2nd phase: Primary hemostasis by platelet aggregation
Initially, a wound plug is created solely from the platelets present in the blood:
To do this, they are activated by wall collagen fibers that extend into the area of injury. Activation means that they grow larger, that extensions develop from their wall, and that they attach themselves to the collagen fibers by means of a kind of glue. In doing so, they in turn activate other nearby platelets and thus develop a platelet plug, the so-called primary thrombus.
Primary thrombus
However, this plug, the primary thrombus, is not capable of permanently closing the injured vessel site. This is a good thing, because otherwise small plugs formed too quickly could become a great danger to the circulation. This plug now slowly dissolves again, because it is only there to close smaller wounds immediately.
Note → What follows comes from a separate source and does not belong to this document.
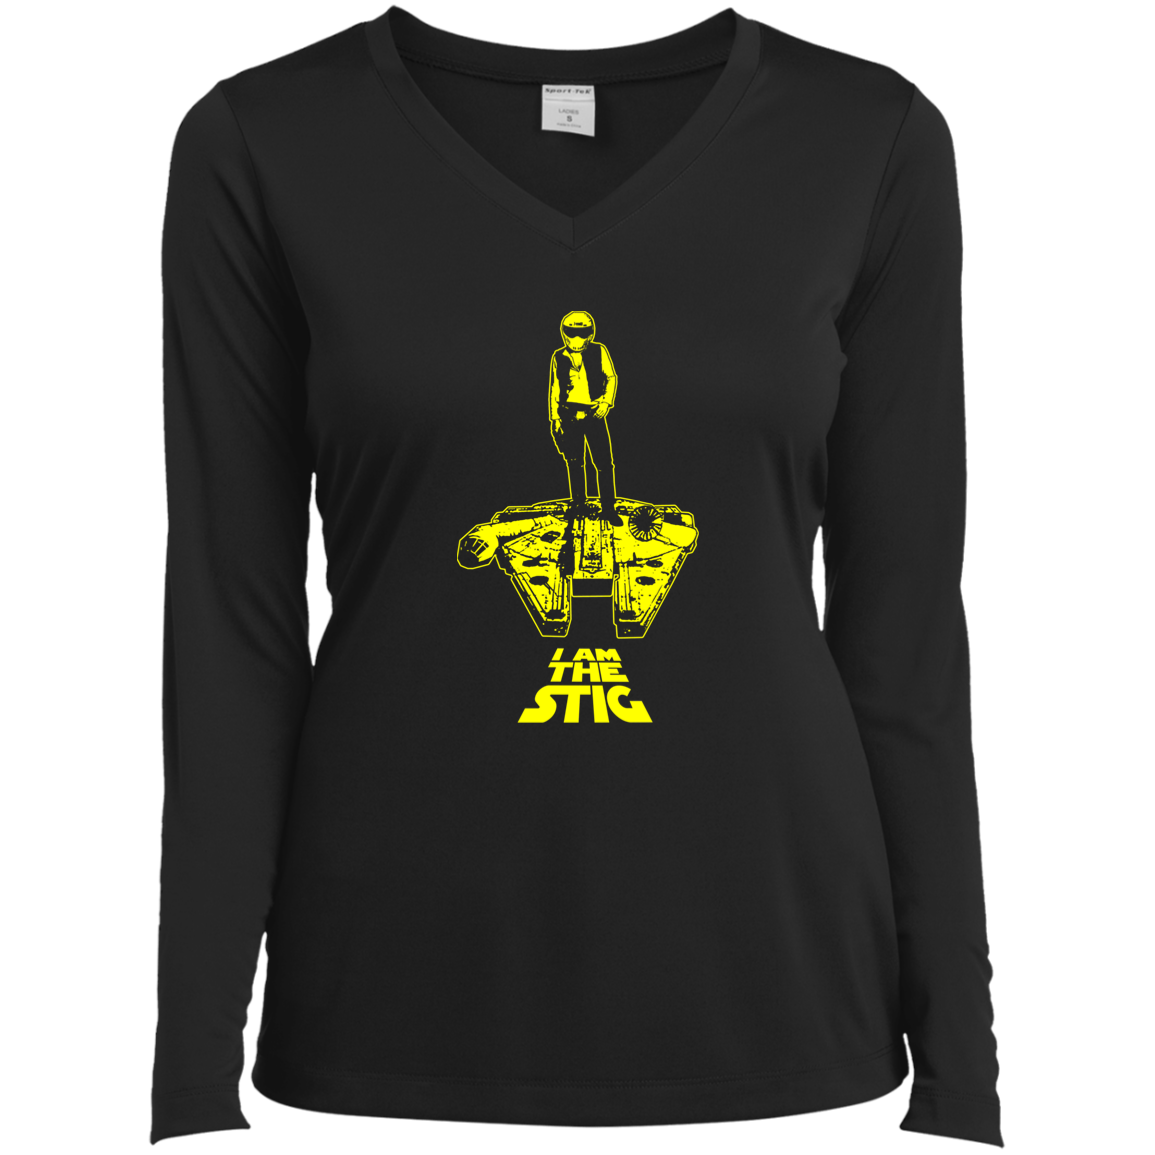 ArtichokeUSA Custom Design. I am the Stig. Han Solo / The Stig Fan Art. Ladies’ Long Sleeve Performance V-Neck Tee

3rd phase: Secondary hemostasis by clotting factors
The complex coagulation system ensures that complete coagulation occurs only when it is really needed.
The actual coagulation process - like primary haemostasis - is triggered by the vessel and tissue injury and activated in two different ways:
- exogenous or extravascular way (Extrinsic System)
- endogenous or intravascular way (Intrinsic System)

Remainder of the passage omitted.